A grandmother's 16-hour facial reconstruction to repair her face following a life-long disease has been successful.
Christine Brown returned home to Invercargill from Dunedin Hospital on Wednesday after recovering in intensive care from surgery last Tuesday.
Born with neurofibromatosis, a disease which causes tumours to grow on nerves in the body, the grandmother was bullied most of her life because of her unusual looks.
The right side of her face use to drop under the weight of the tumours which caused disfiguration of her face.
Her husband of 32 years, Lee Brown, told the Southland Times his wife will be extremely happy once she sees what surgeons have done to reconstruct her face.
"They have done a really, really good job, eh.
"I said to the nurse, they have done a bloody great job, a marvellous job."
Now, Brown will no longer suffer from a droopy face and she will regain full use of her right eyelid.
Surgeons took a 11cm piece of bone from her leg to craft into a cheekbone. She will also be able to hear from her left ear for the first time.
They also removed a tumour from Brown's eye during the procedure.
Dr Matthew Leaper, who operated on Brown along with two other surgeons, told Fairfax it was one of the most difficult procedures of her career.
He explained that the main goal was to correct some of the facial deformities.
"It all looks quite stable. It's a long road ahead but I am optimistic."

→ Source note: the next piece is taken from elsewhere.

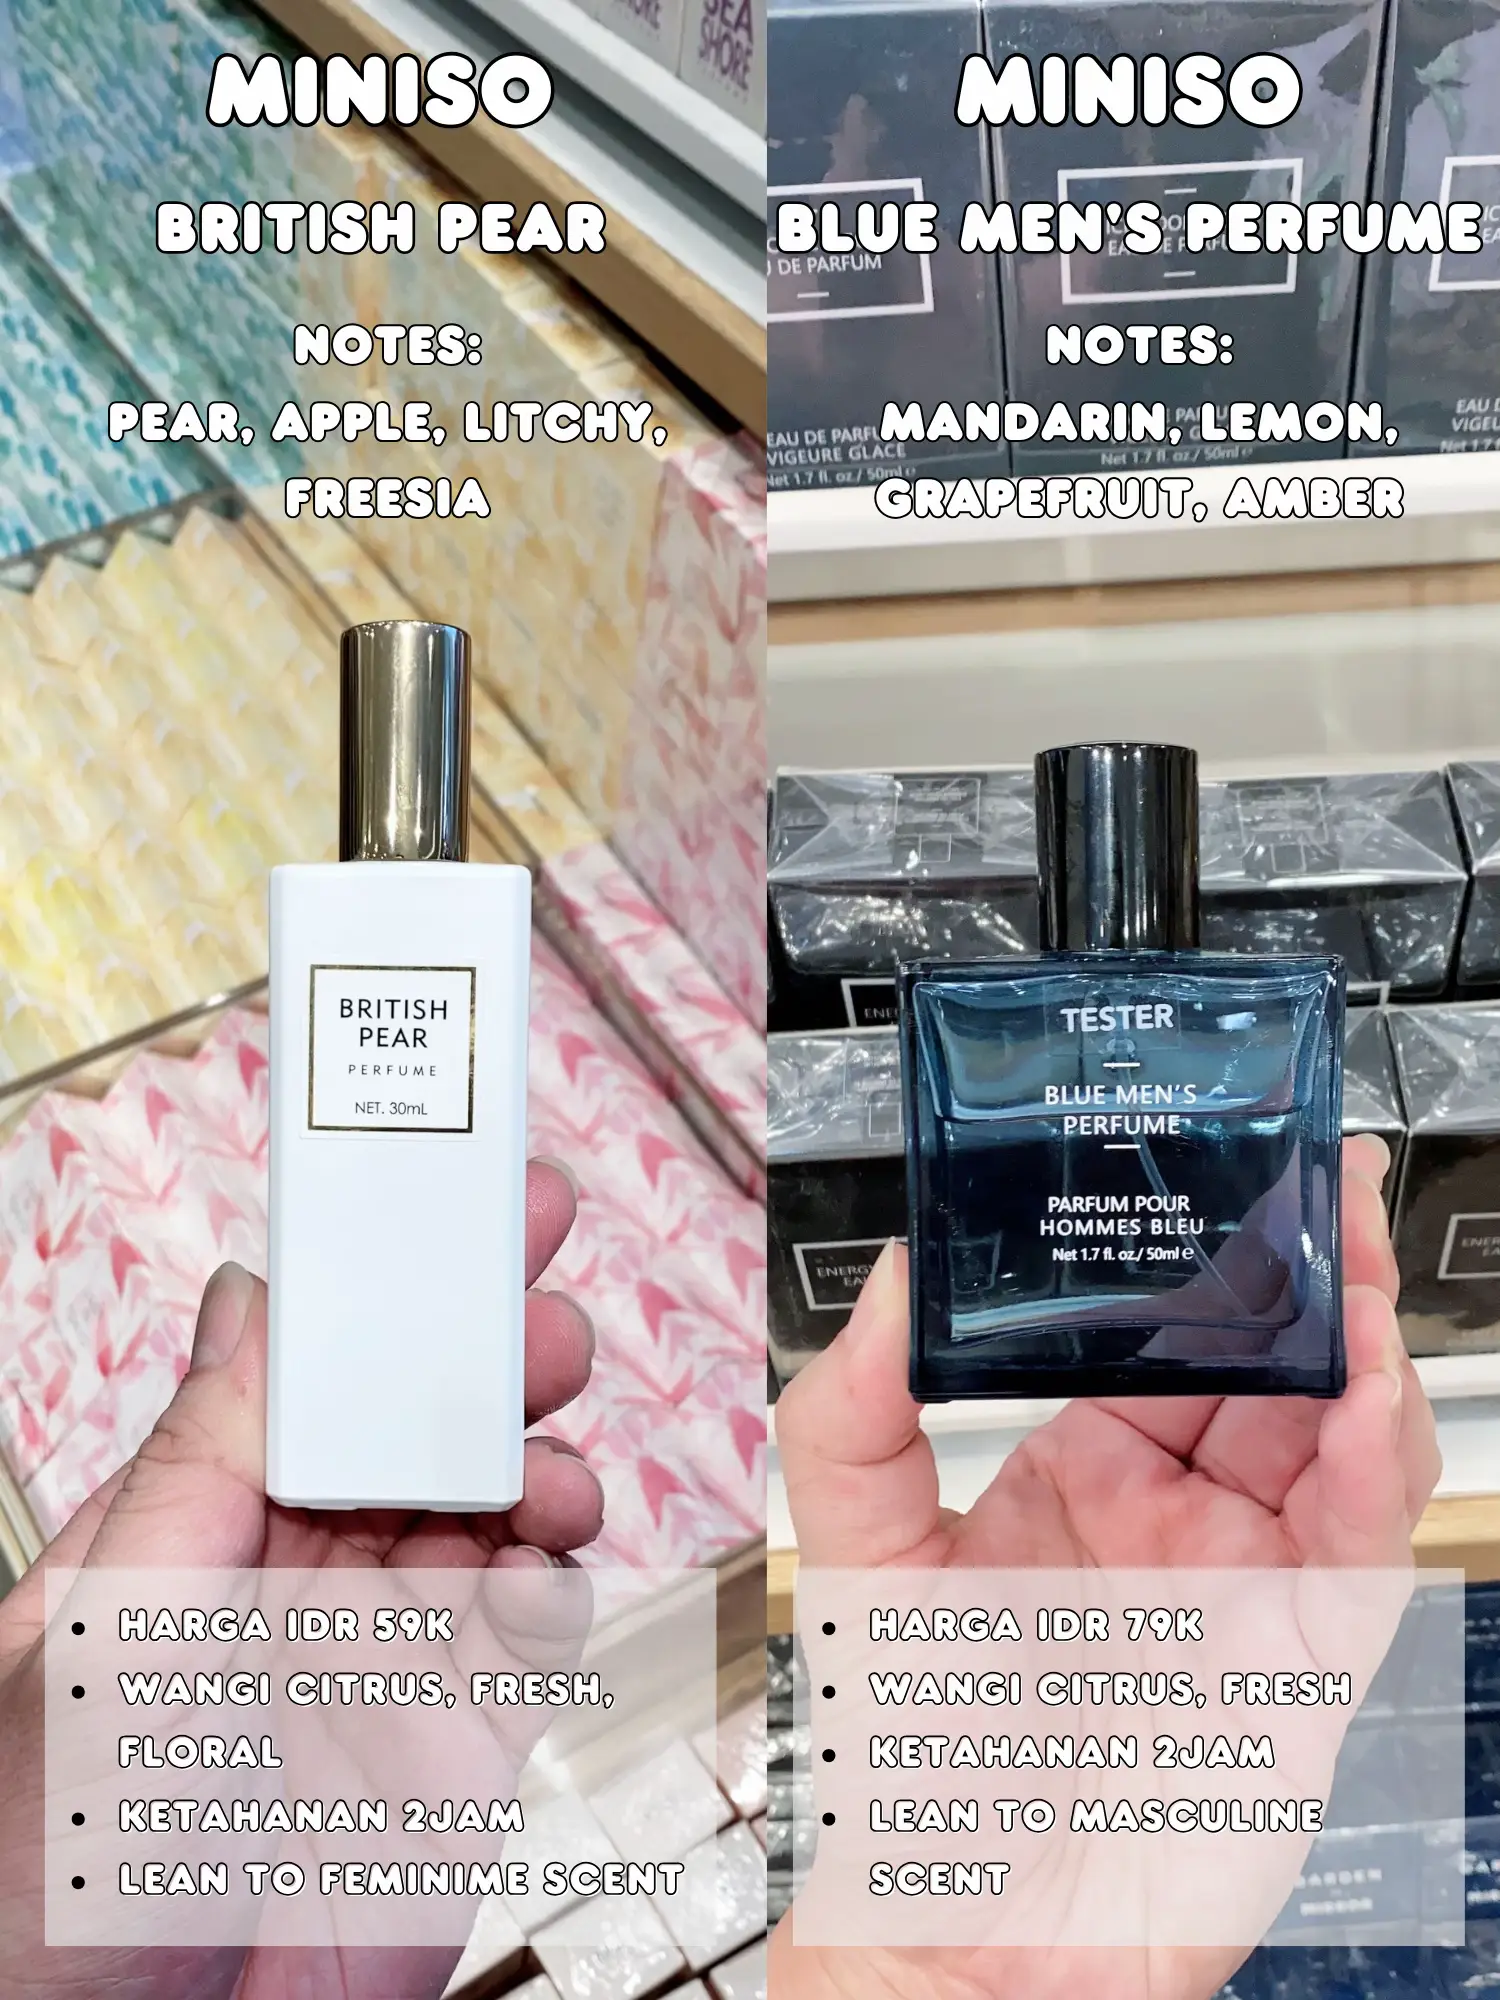 Top dupe perfume in Miniso, Gallery posted by anderscent

"She's looking good, actually. It's surprising when you see the difference, golly, it's nice."
The Otago Daily Times reported it to be Brown's eighteenth surgery on her face.
Since recovering in hospital, Brown has reportedly seen herself in the mirror and is "pleased with what they have achieved".
Brown is also a cancer survivor and defied the odds when she was given 15 months to live after a neurofibroma turned aggressively cancerous.
A GiveALittle campaign was started to help pay for some of Brown's surgery and has so far raised more than $8300.